Despite the accuracy differences, it's still super impressive that HRM achieved 25% accuracy on ARC-AGI with just 960 examples and 24 hours of training. This highlights the model's potential for efficient learning, especially when compared to the vast amounts of data and compute time often required by Large Language Models (LLMs). The efficiency demonstrated by HRM is a key strength that warrants further exploration.

Conclusion: Reproducibility and the Quest for Understanding

Our journey to reproduce the HRM experiments has been both enlightening and intriguing. While we didn't exactly match the original accuracy results, we successfully replicated the experiments and gained valuable insights into the model's behavior. The discrepancies we observed highlight the importance of carefully documenting experimental setups and considering the potential impact of factors like training time, hyperparameters, and dataset variations.

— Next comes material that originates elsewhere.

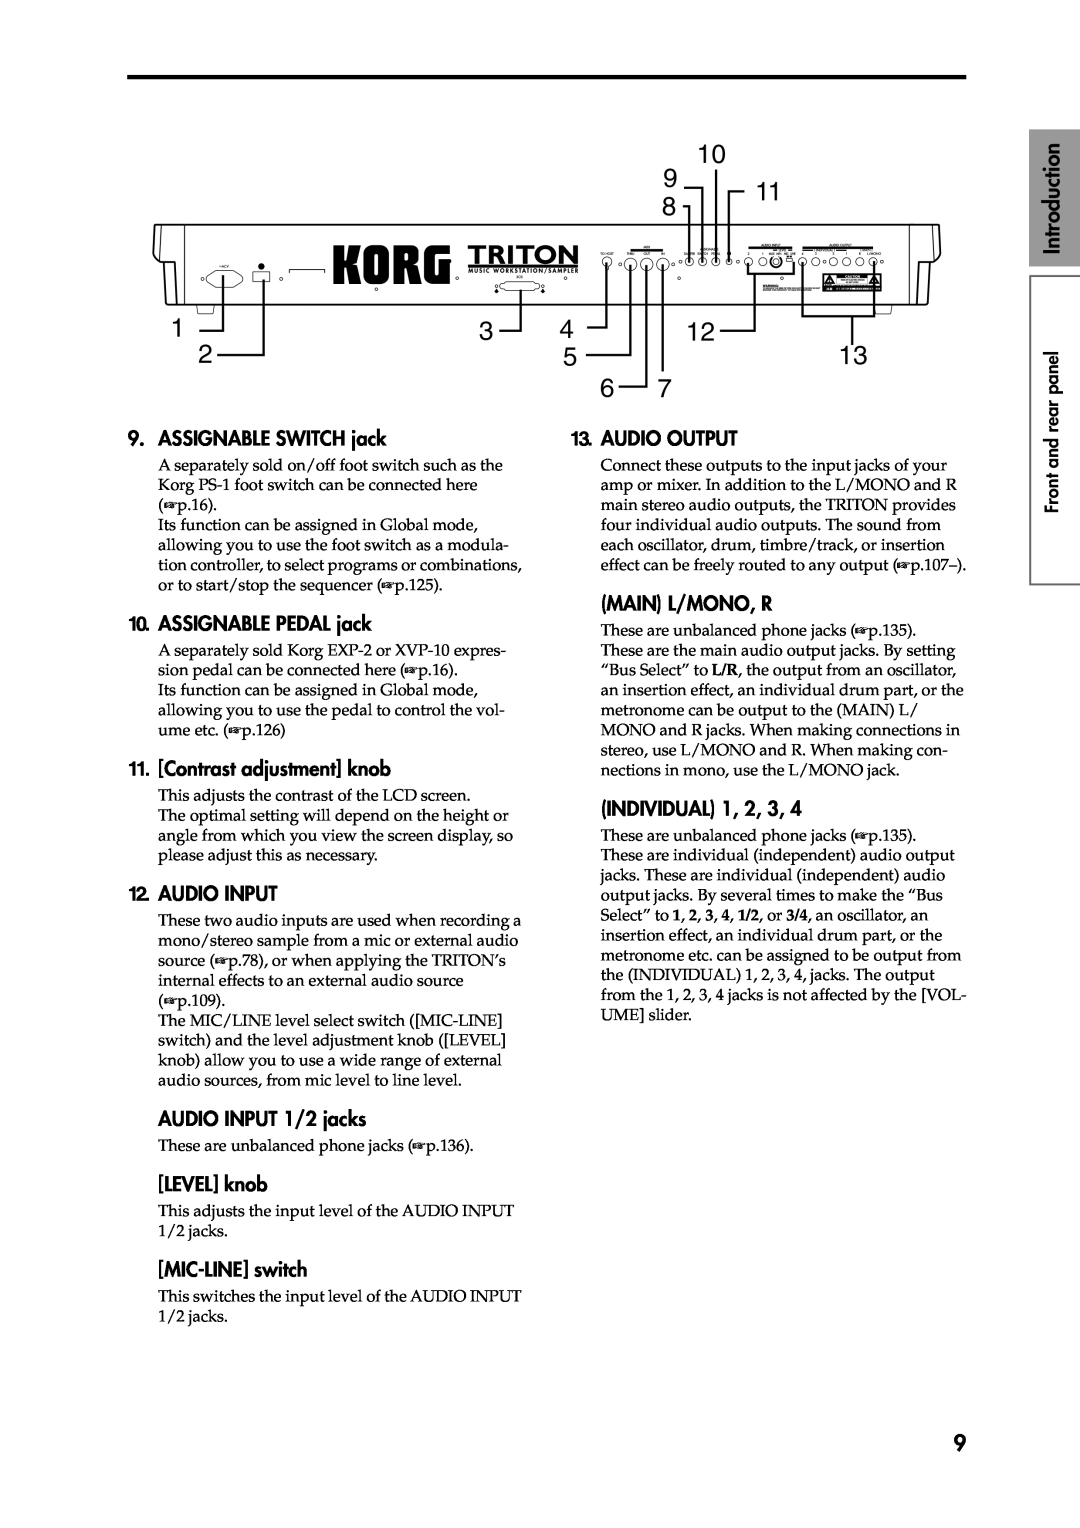 Korg Speaker System Introduction, Audio Output, ASSIGNABLE PEDAL jack, Contrast adjustment knob, Audio Input, LEVEL knob

The fact that HRM achieved a reasonable level of performance on ARC-AGI with limited data and compute is a testament to its efficiency. We're excited to continue exploring this model and understanding its strengths and limitations. Hopefully, this detailed account of our reproduction efforts will help others in the community as well! We believe that sharing our findings and engaging in open discussions is crucial for advancing research in AI and machine learning. Let's keep the conversation going and work together to unlock the full potential of these exciting models!